Is it possible to find the combined standard deviation? Suppose I have 2 sets:
Set A: number of items $n= 10$, $\mu = 2.4$ , $\sigma = 0.8$
Set B: number of items $n= 5$, $\mu = 2$, $\sigma = 1.2$
I can find the combined mean ($\mu$) easily, but how am I supposed to find the combined standard deviation?

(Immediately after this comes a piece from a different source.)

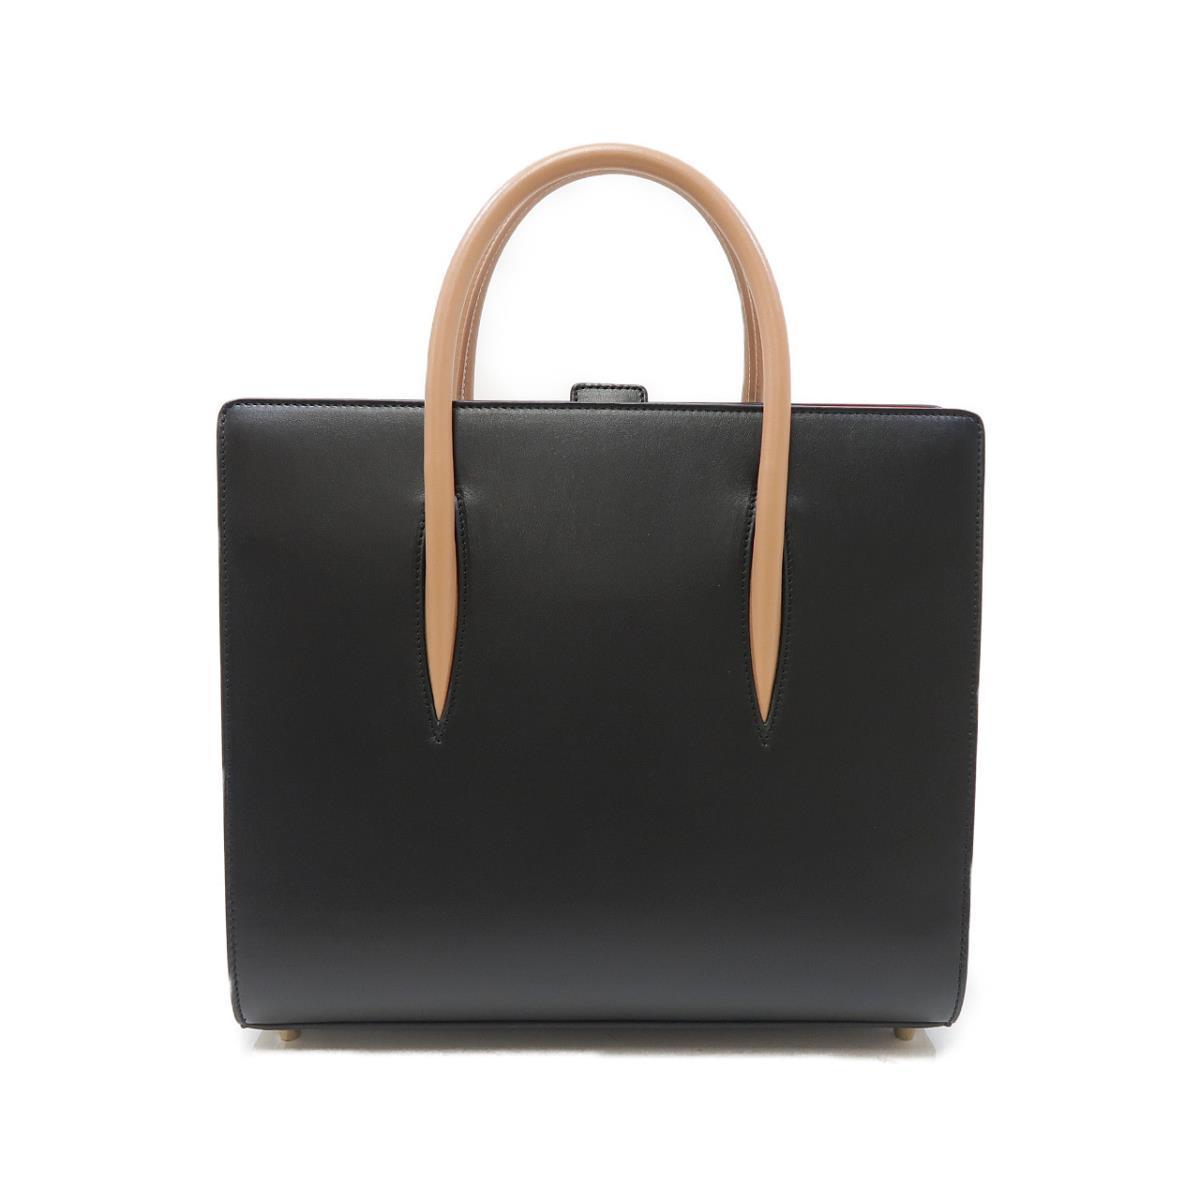 クリスチャンルブタン 日本未発売 バッグ 3165015 大規模セール 中古

 A: So, if you just want to have two of these samples brought together into one you have:
$s_1 = \sqrt{\frac{1}{n_1}\Sigma_{i = 1}^{n_1} (x_i - \bar{y}_1)^2}$
$s_2 = \sqrt{\frac{1}{n_2}\Sigma_{i = 1}^{n_2} (y_i - \bar{y}_2)^2}$
where $\bar{y}_1$ and $\bar{y}_2$ are sample means and $s_1$ and $s_2$ are sample standard deviations.
To add them up you have:
$s = \sqrt{\frac{1}{n_1 + n_2}\Sigma_{i = 1}^{n_1 + n_2} (z_i - \bar{y})^2}$
which is not that straightforward since the new mean $\bar{y}$ is different from $\bar{y}_1$ and $\bar{y}_2$:
$\bar{y} = \frac{1}{n_1 + n_2}\Sigma_{i = 1}^{n_1 + n_2} z_i = \frac{n_1 \bar{y}_1 + n_2 \bar{y}_2}{n_1 + n_2}$
The final formula is:
$s = \sqrt{\frac{n_1 s_1^2 + n_2 s_2^2+ n_1(\bar{y}_1-\bar{y})^2 +n_2(\bar{y}_2-\bar{y})^2}{n_1 + n_2 }}$
For the commonly-used Bessel-corrected ("$n-1$-denominator") version of standard deviation, the results for the means are as before, but 
$s = \sqrt{\frac{(n_1 - 1)s_1^2 + (n_2 - 1)s_2^2 + n_1(\bar{y}_1-\bar{y})^2 +n_2(\bar{y}_2-\bar{y})^2}{n_1+n_2 - 1} }$
You can read more info here: http://en.wikipedia.org/wiki/Standard_deviation
A: This obviously extends to $K$ groups:
$$ s = \sqrt{ \frac{\sum_{k=1}^K (n_k-1)s_k^2 + n_k(\bar{y}_k-\bar{y})^2} {(\sum_{k=1}^K n_k) -1} }$$